Bits with broken mouthpieces and 50/50 ratio of the purchase to the lower shank are called 'Argentine Snaffles.' They are not truly snaffles, as they work off leverage from the shanks. The exaggerated length of the purchase does not give the horse a chance to lower it's head before the mouthpiece takes hold. This makes for a jerking sensation when the rider takes on the reins.
The mouthpiece should be smooth, and reasonably thick. A thinner mouthpiece has a cutting action on the soft tissues. Ideally, there is a center joint so that the rider can work the horse laterally, or on one rein. That joint needs to be pinch free – no small task, but it can be done. Hold the bit over the soft tissue of your lower arm and take on the shanks to see if there’s the potential for pinching. Ideally, there is no potential for pinching or chaffing at the corner of the horse’s lips, either.
I like to see a mouthpiece with lots of tongue relief, since horses have very thick tongues. If the tongue is trapped by a straight mouthpiece, it’s impossible for the animal to swallow. I get a kick out of how impressed some people are when a horse exhibits a foamy mouth. Sure we want to have a moist mouth, but it’s not necessary for the poor animal to slobber all the way down the trail! This is a result of the tongue being trapped by a straight mouthed bit.
Below is a photo of the 2nd Generation Imus Comfort Gait Bit.
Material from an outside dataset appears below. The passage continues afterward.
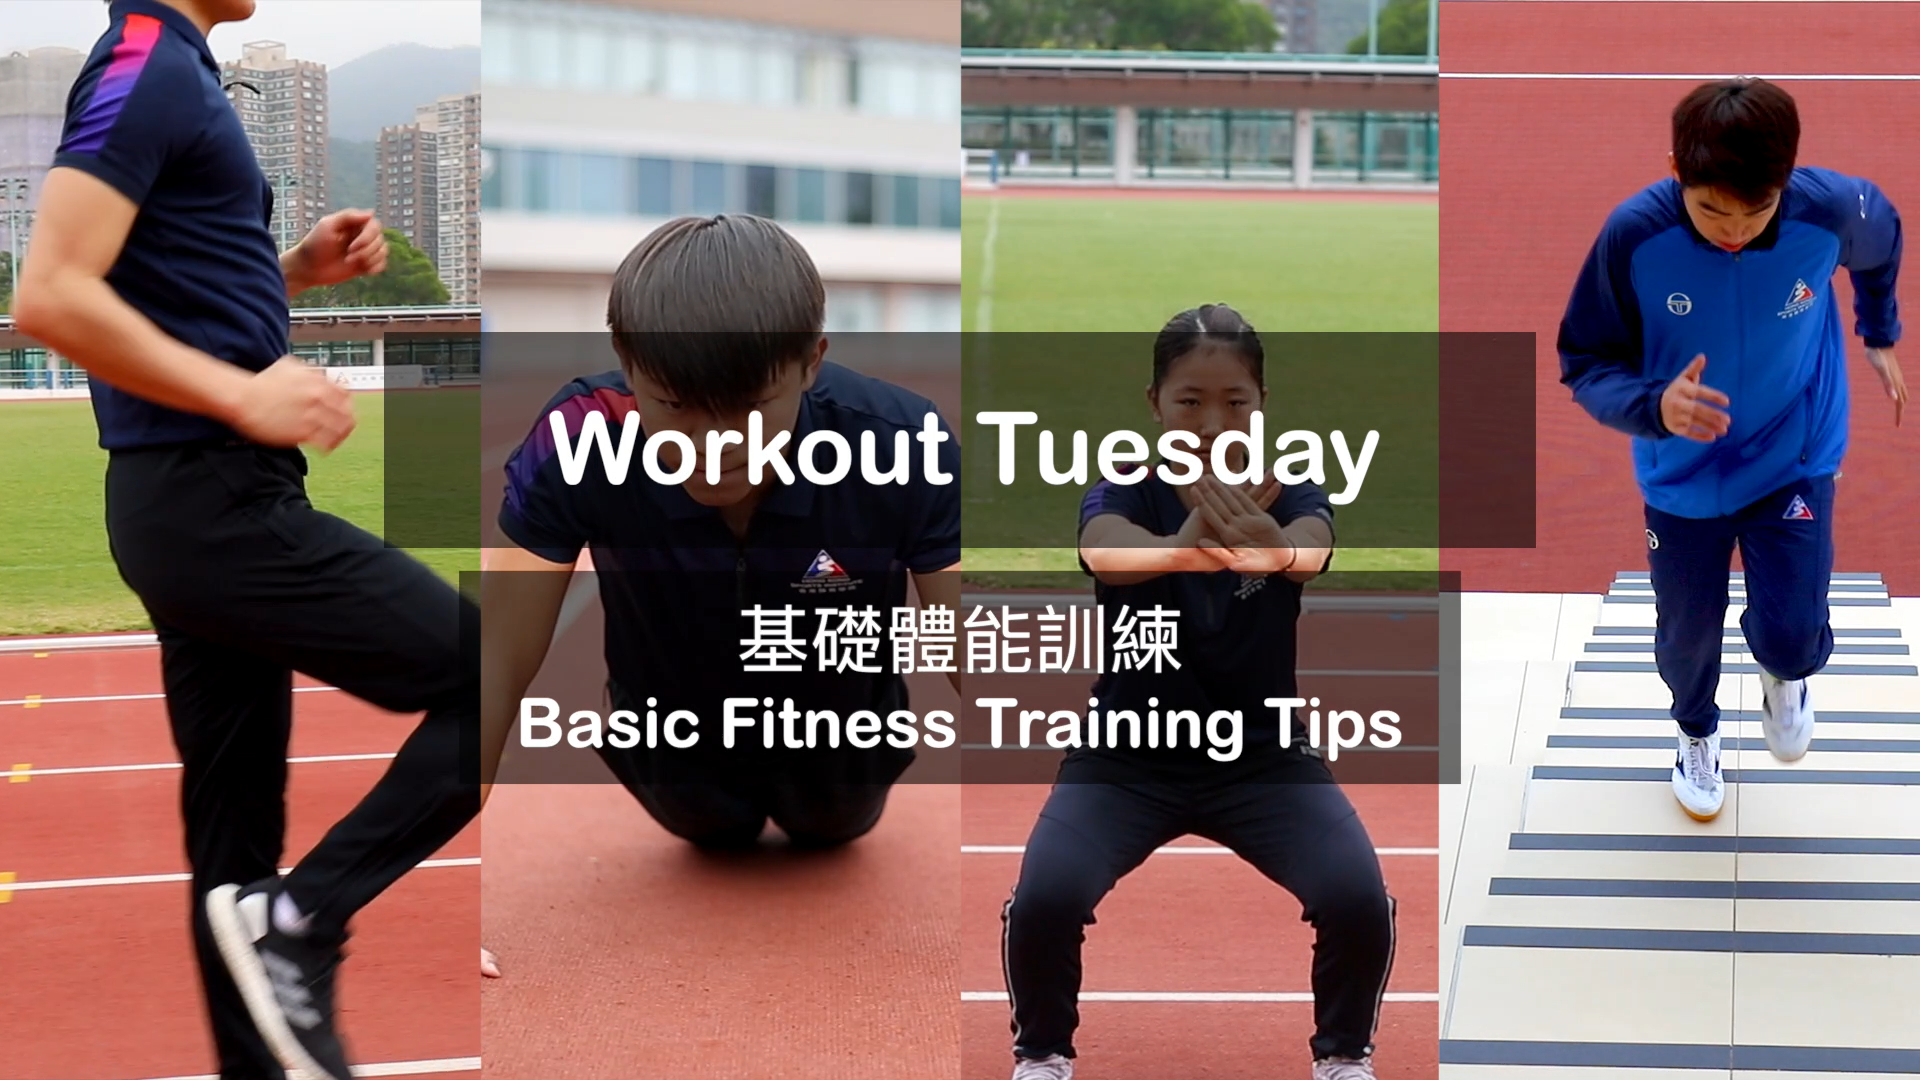 Video: Basic Fitness Training Tips

Because the ratio of the purchase to the lower shank is 2 to 1, it has the following action when the rider takes on the reins:
- The horse feels slight pressure on the poll. This signals that a request is about to be made, gets his attention, and causes him to lower his head.
- The curb strap (always adjusted so there's a 3" gap between the curb strap/chain and chin groove, when the reins are slack), takes hold under the chin. This causes the horse to flex at the poll, and tuck its nose.
- The mouthpiece takes hold, asking the horse for a turn, stop, half-halt - etc.
So the horse has a logical, 3-part sequence of communication: lower the head, tuckthe chin, takeon the mouthpiece. There is plenty of time for the horse to understand and respond before any leverage is applied to his mouth - and the result is a very soft, giving horse who is unafraid of his rider's hands.
In addition to those features, the mouthpiece is designed to extend beyond the horse’s lips. This allows it to fit a very wide variety of horses, avoids pinching the corners of the lips, and gives a swivel action on the tongue and bars that encourages the horse to lower its head and bend softly into a turn. Since horses instinctively resist direct pressure, this indirect pressure is effective at eliciting a relaxed response.
The 2nd Generation Imus Comfort™ Bit boasts a mouthpiece that offers plenty of tongue relief for the horse, encouraging him to drop his head into the bit, rather than stiffening up against it. It boasts flush brass fittings in the pinchless mouthpiece, and smooth, independent action from side to side. This allows the rider to work the horse laterally, as well as lift a shoulder or use a leading rein. The stainless steel roller ball in the center helps to keep the horse focused, and copper strips under the mouthpiece encourage a nice, wet mouth.
The 2nd Generation Imus Training/Transition Bit™is actually two bits in one. A young horse can be started with the reins in the center, snaffle ring position for easy-to-understand, direct reining cues. Once he is able to balance a rider easily over various terrain, and responds well to all basic riding cues - stop, turn, rein-back, give to leg pressure - then the rider adds a curb strap and moves the reins to the lower rings for a very mild curb action. This will help the horse to learn the beginning aspects of collection, and giving at the poll. Because the mouthpiece is nearly identical to the 2nd Generation Imus Comfort Gait Bit, it is very easy to transition the horse up to that bit once he is ready for more advanced gait work. The copper mouthpiece helps to keep nervous young horses mouths soft and wet - and gives him something to distract himself with, should he become uptight or excited. (It acts somewhat like a pacifier.)